REQUIREMENT = Take the line that contains "Stan Wawrinka and" and each one after it through the last line below, and retype them exactly. Leave out the pictures.

INFORMATION PROVIDED =
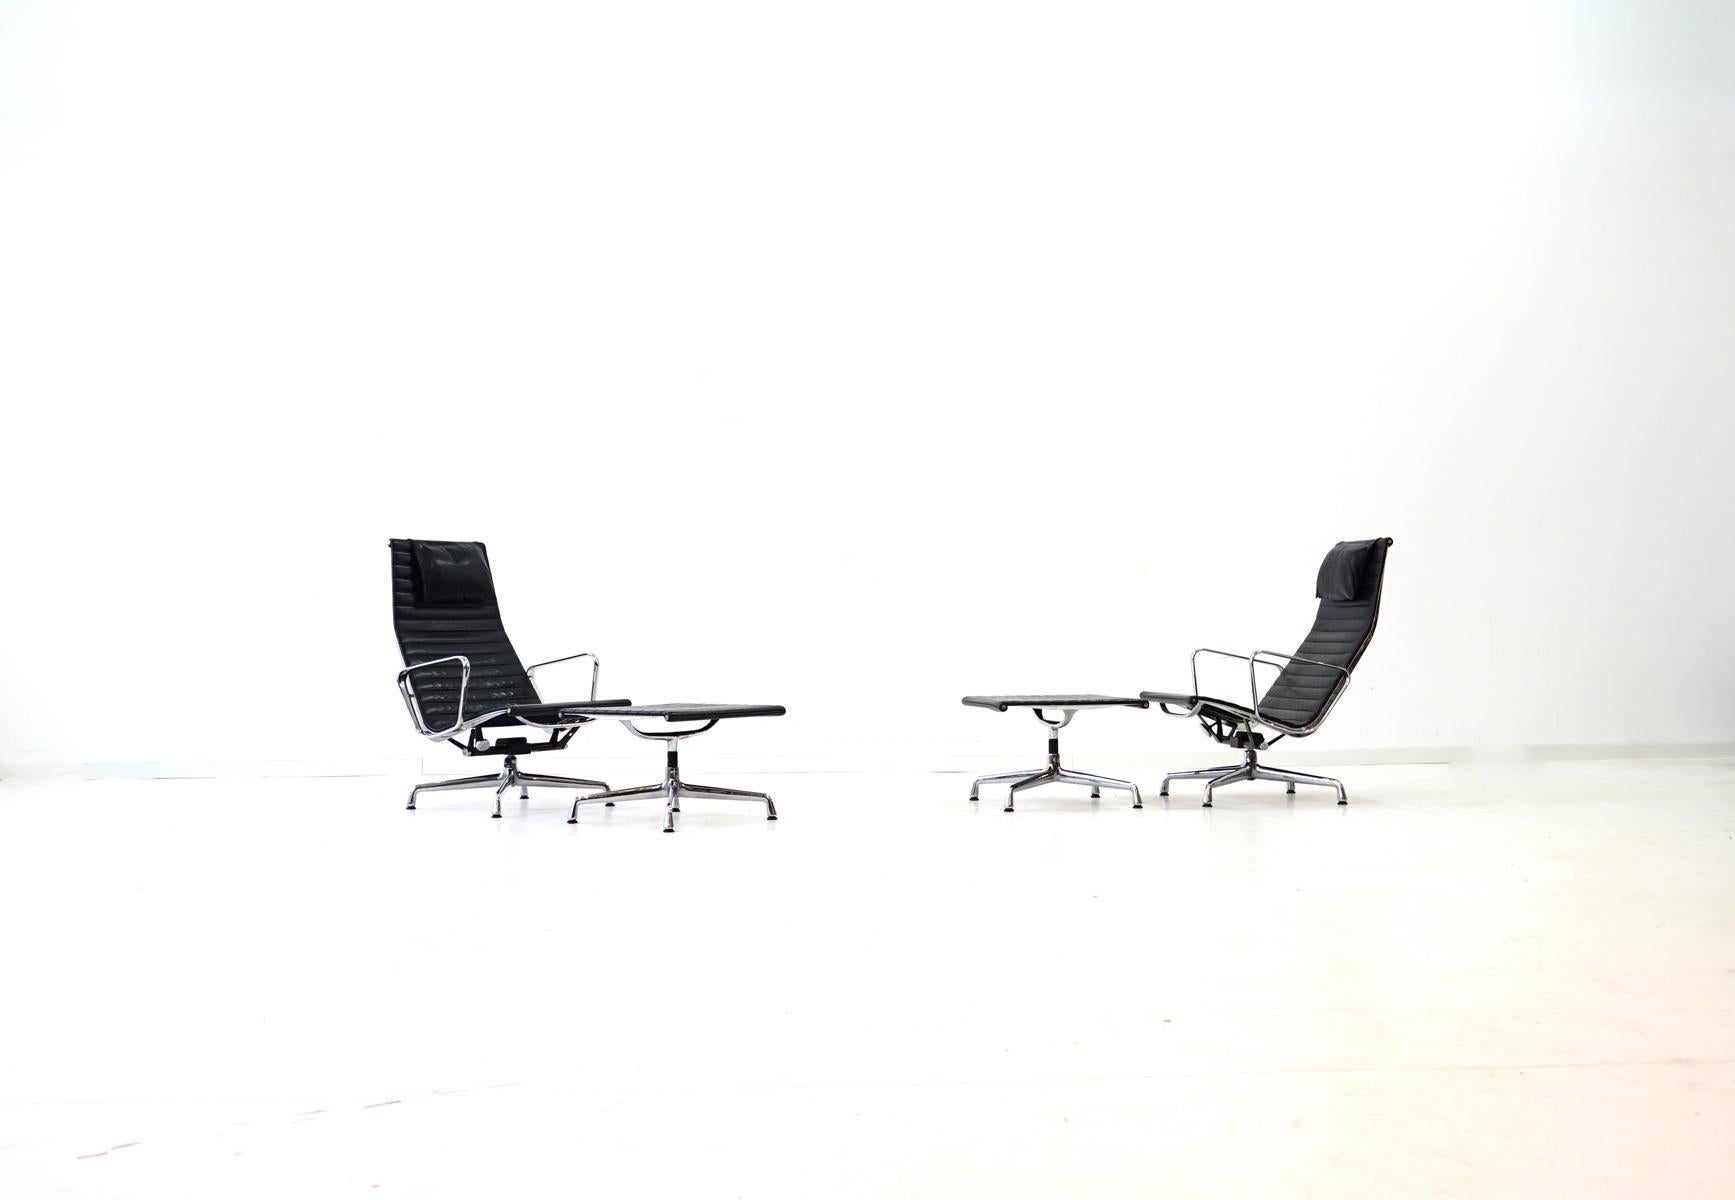 EA 124 + EA 125 Vitra black leather lounge chair by Charles & Ray Eames
Set of one chair + one ottomane. The black leather Aluminum Chair EA 124 and Ottoman 125 is the purist lounge chair in the Aluminum Group by Charles & Ray Eames. Thanks to its
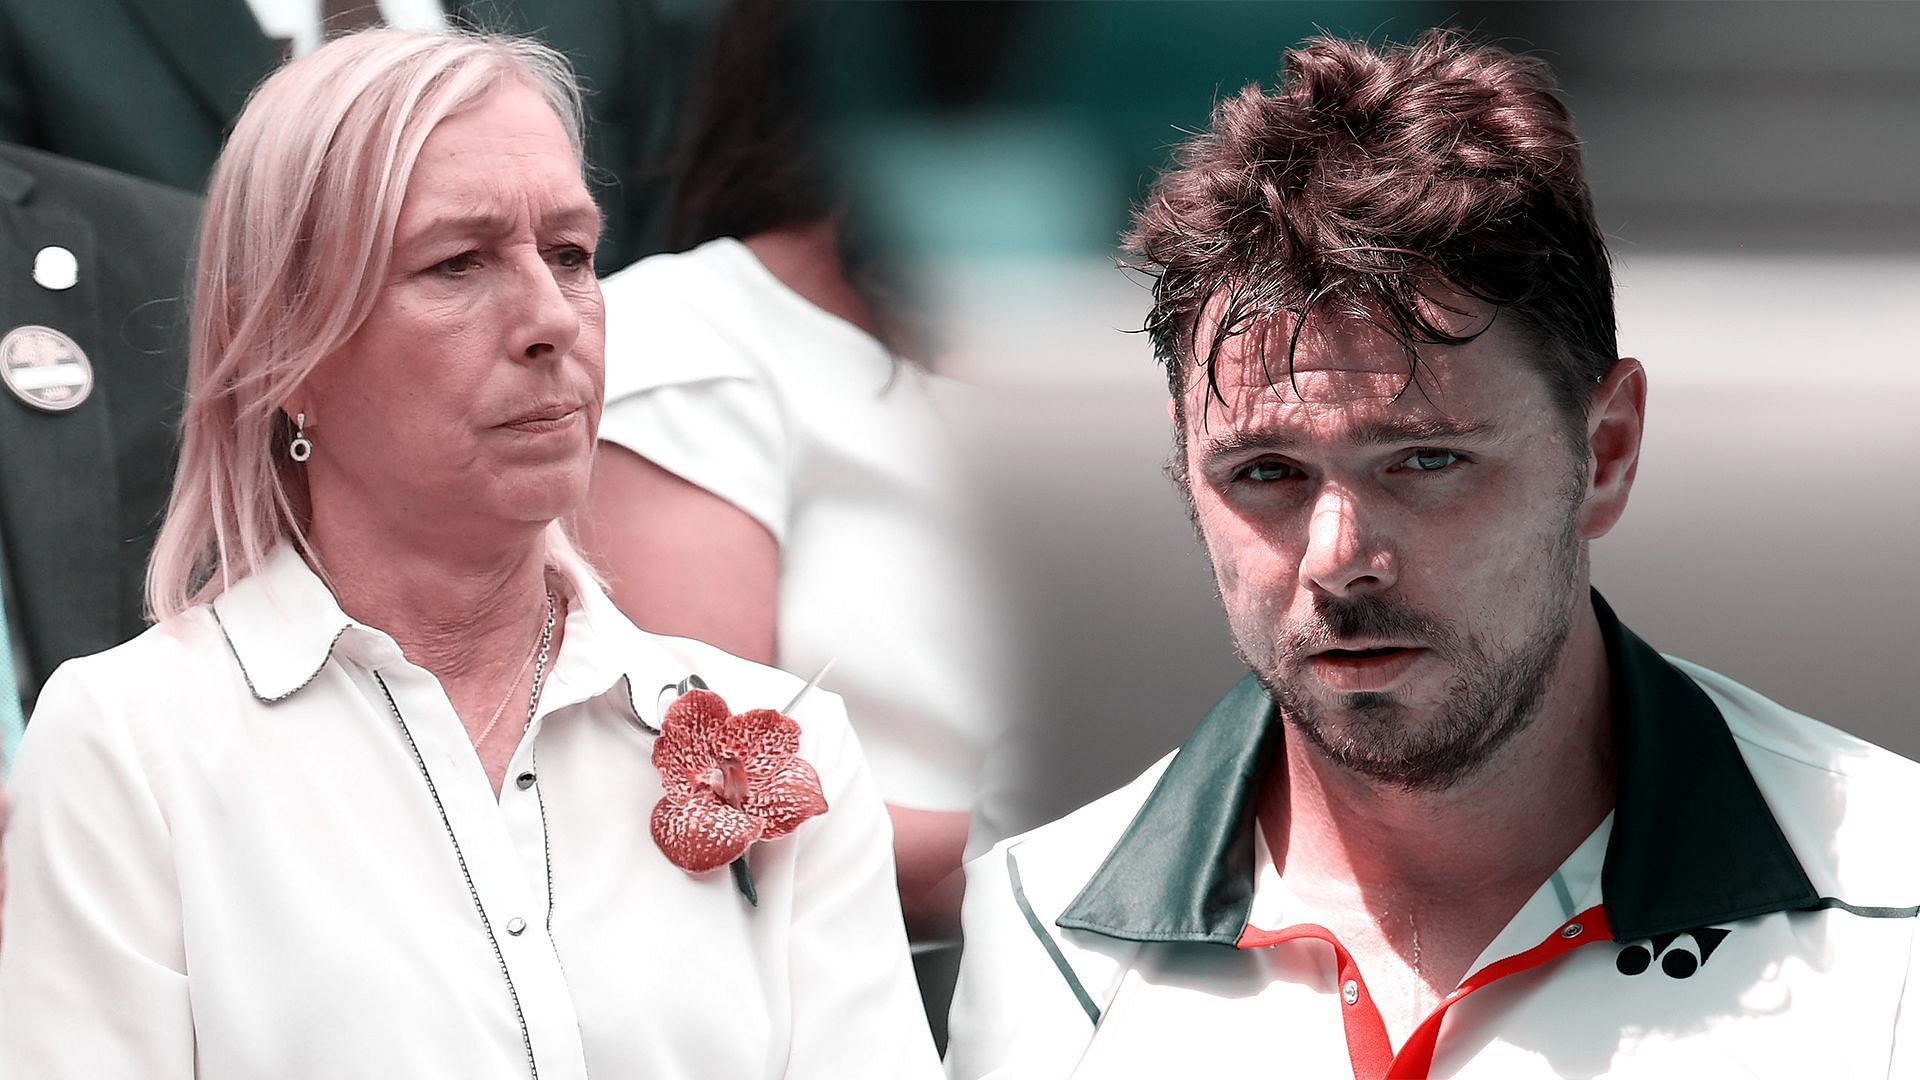 Stan Wawrinka and Martina Navratilova were among the ones who reacted to the video of a father assaulting his daughter
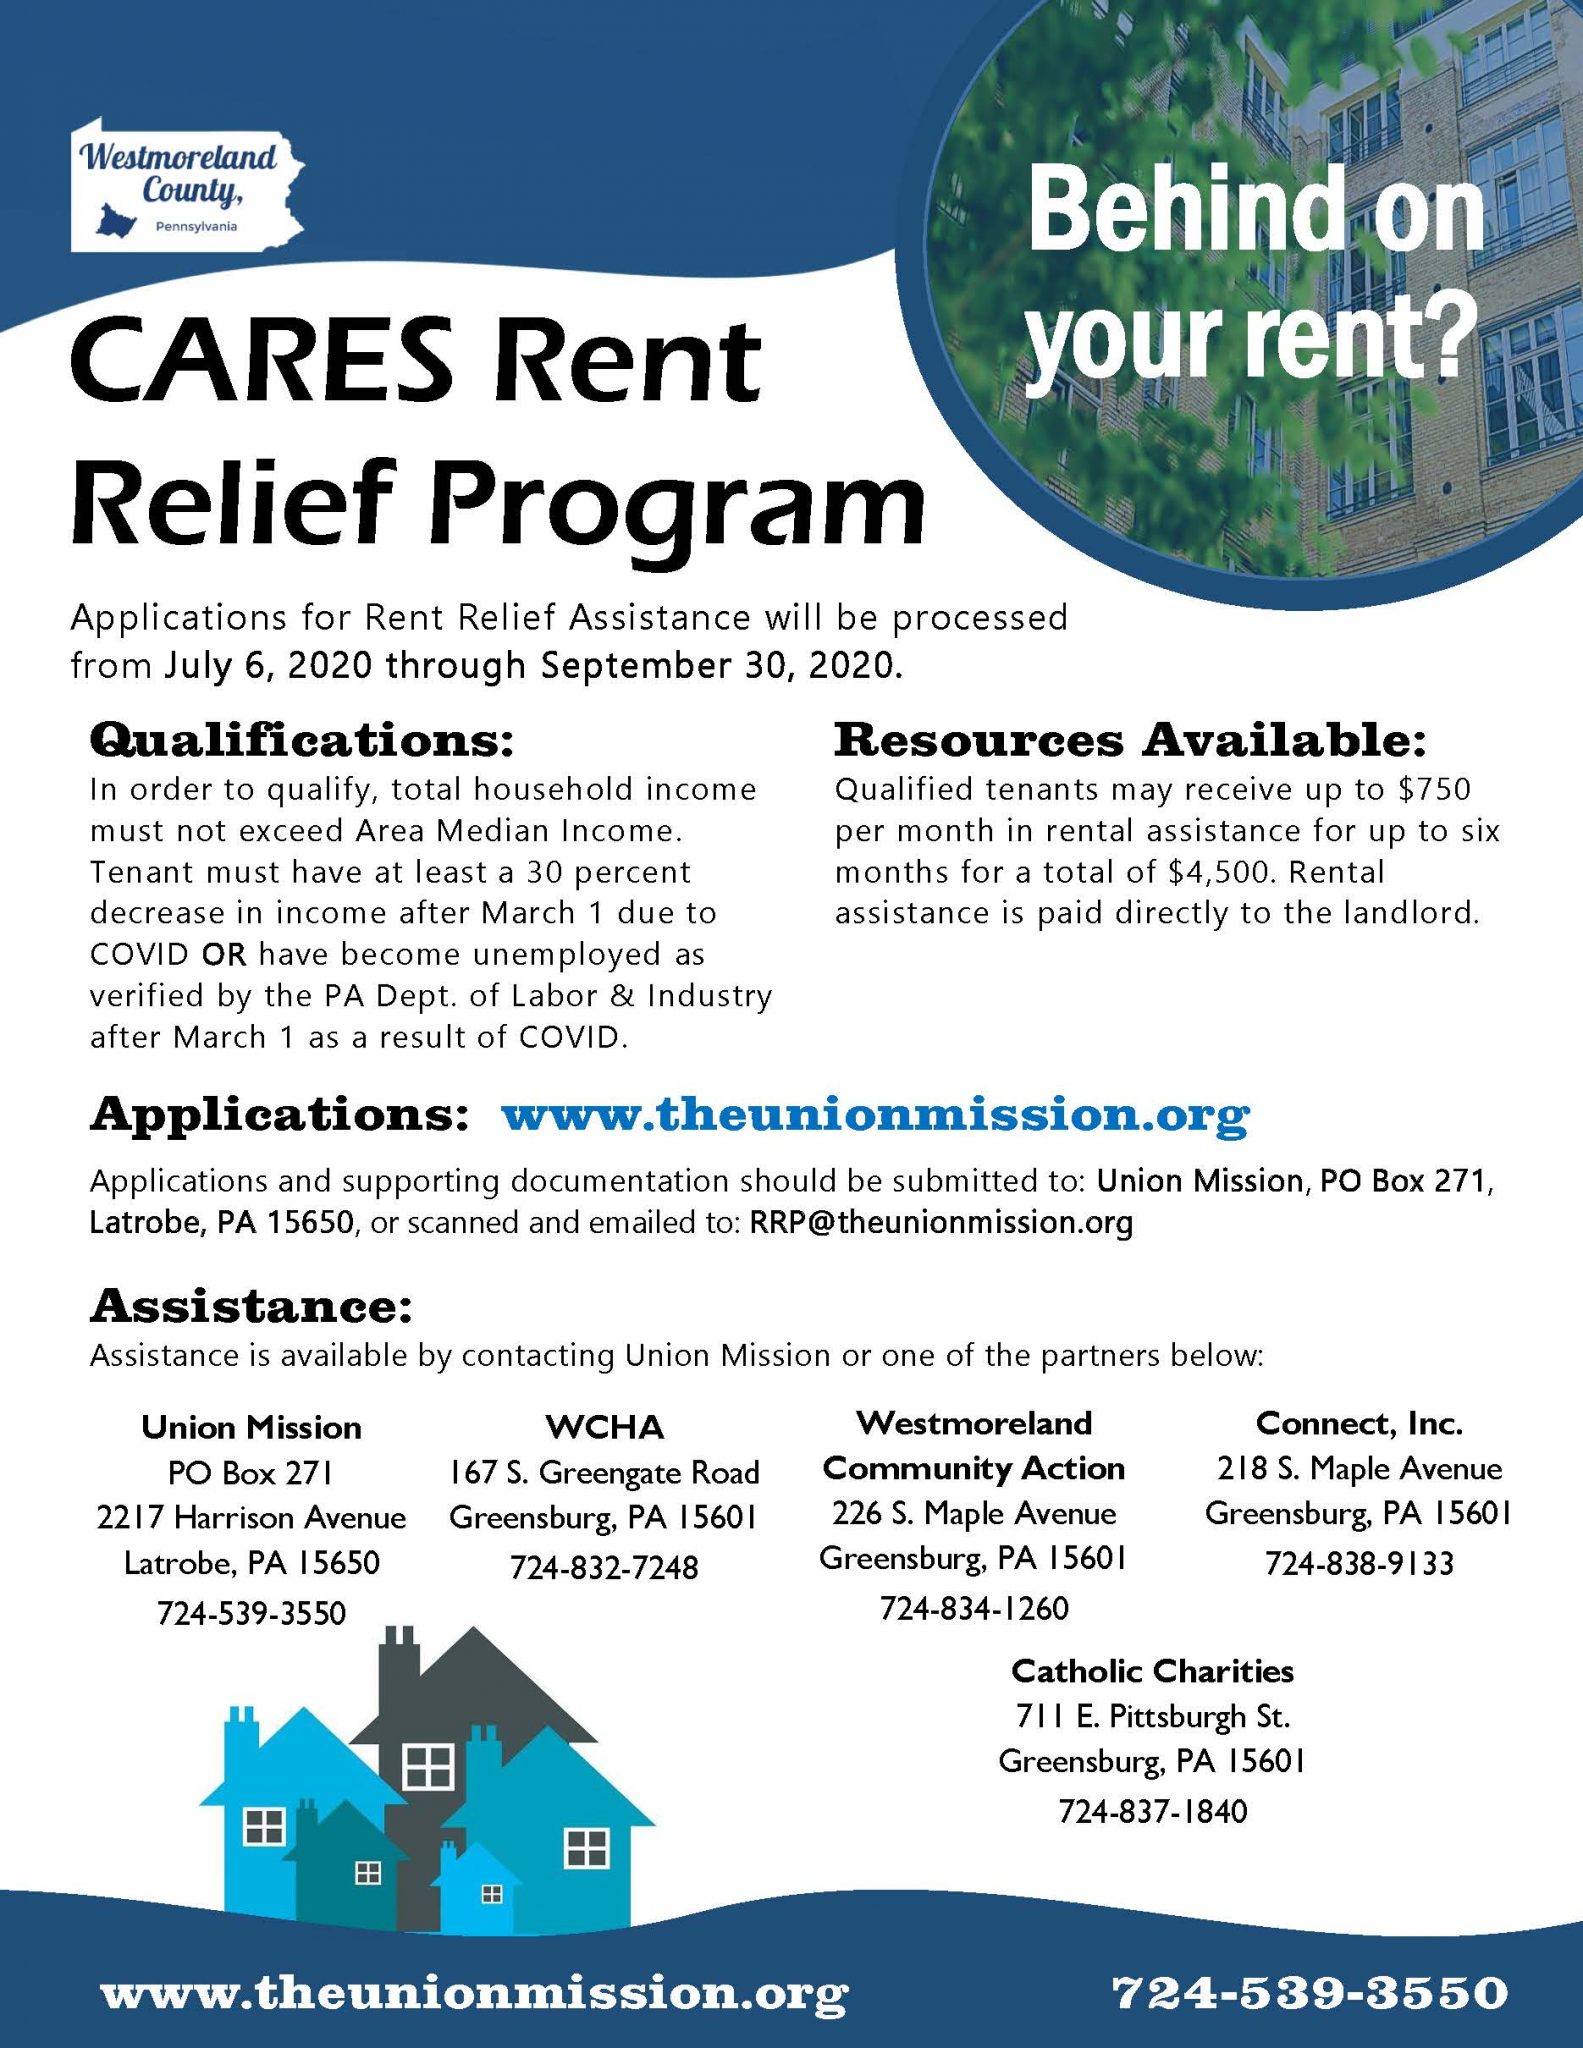 Behind on your rent? Cares Rent Relief Program may be able to help

RESPONSE BELOW =
 Stan Wawrinka and Martina Navratilova were among the ones who reacted to the video of a father assaulting his daughter
 Behind on your rent? Cares Rent Relief Program may be able to help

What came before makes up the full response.